# My Blue Jack



## Chaos553 (Apr 2, 2007)

I just bought this little guy today, and hes the smallest fish in my tank =P. My Blue Jack Dempsey, is definitely the coolest fish I've seen on the market in a while. I've heard that retailers sold these guys for up to 30 bucks, and I bought mine for a low price of 15 bucks . Hes really docile and chills with my ram usually, but loves checking out my caves. Here's a few pics of him, sorry about the flash in the second:


----------



## Apotheosis (Jul 2, 2007)

Beautiful fish!

You're planning to put him in a different tank when he start growing bigger, right?

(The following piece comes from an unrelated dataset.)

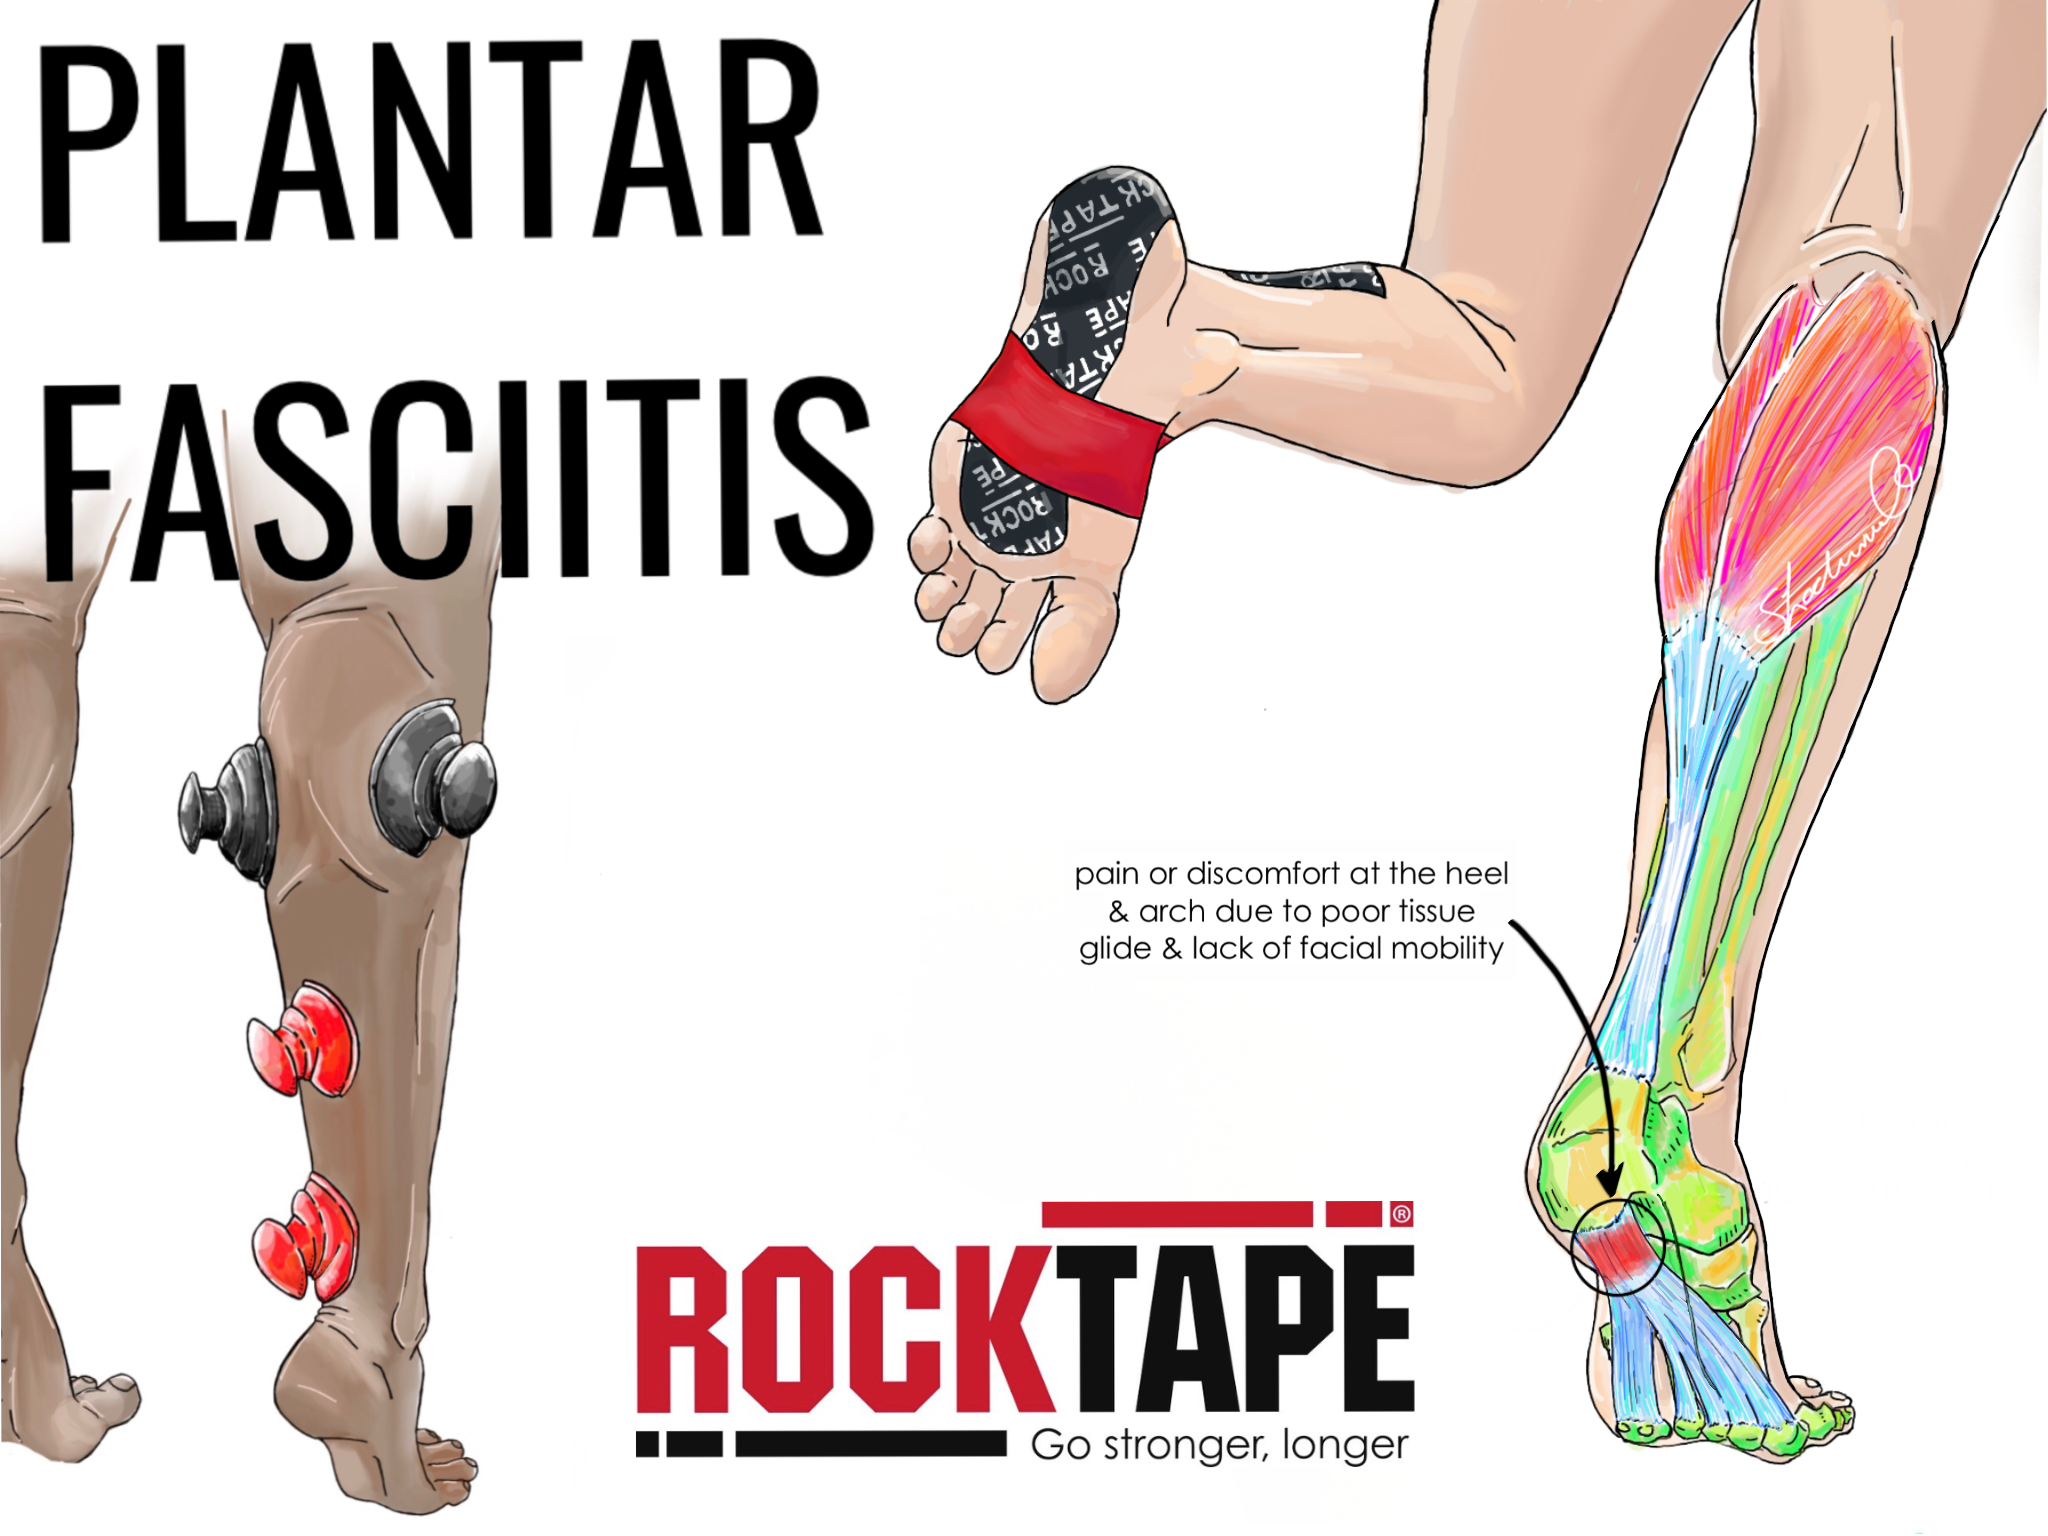 Treating Plantar Fasciitis with RockPods and RockTape

Else, he'll wipe out almost all his tankmates. :mrgreen:


----------



## Chaos553 (Apr 2, 2007)

im aware of this and i plan on moving a few of my tetras into my 10g when i need to do so. hes under an inch right now, so i have nothing to worry about, but i know how fast fish grow =P.


----------



## Guest (Jul 6, 2007)

very cool fish. once he gets older and his colors getr better he will be absolutly stunning. my lfs has one and it is so buetiful. you should get a larger tank and get another blue JD, pereferbly of the opposite sex, and try to spawn them. have fun with him/her. 

Andrew


----------



## Guest (Jul 6, 2007)

blue jacks are alot more docile than most people realize, they arent like your standard jack. they are sensitive though, most people lose them right around the 3 to 3.5 inch mark, if you get them up over 4 inches usually the fish will continue to do fine for you. Getting 2 blue jacks and spawning them together is a waste of time cause you wont get what you expect. you need to spawn a blue jack to a standard jack, then spawn back a baby from that brood to the blue parent, that will give you more blue jacks. if you do a search online you can find information pages on spawning. have fun


----------



## Eraserhead (Feb 1, 2007)

What a cutie!


----------



## Chaos553 (Apr 2, 2007)

he kind of just blends in now, always looking for food like the rest of them -_-. im going to be gone for a couple days for lacross camp, but ill talk to you all when i get back


----------



## gem (Mar 13, 2007)

GoodMike said:


> blue jacks are alot more docile than most people realize, they arent like your standard jack. they are sensitive though, most people lose them right around the 3 to 3.5 inch mark, if you get them up over 4 inches usually the fish will continue to do fine for you. Getting 2 blue jacks and spawning them together is a waste of time cause you wont get what you expect. you need to spawn a blue jack to a standard jack, then spawn back a baby from that brood to the blue parent, that will give you more blue jacks. if you do a search online you can find information pages on spawning. have fun


Wow Mike...that's good to know. I have a 40 gal that I'm going to set up and my hubby wants Blue Jacks.....he was hoping for spawns too. Something to consider.
Cute little guy Chaos


----------



## SBDTHUR (Jun 15, 2007)

God, im gonna have to start my first cichlid tank now. If I have room.  
Very awsome fish Chaos hope it all works out for you! Gl. :console:


----------



## Chaos553 (Apr 2, 2007)

alright, im back from camp =P 

so i was really wondering what the best food source i could feed my jack to bring out the best of his colors. any ideas?


----------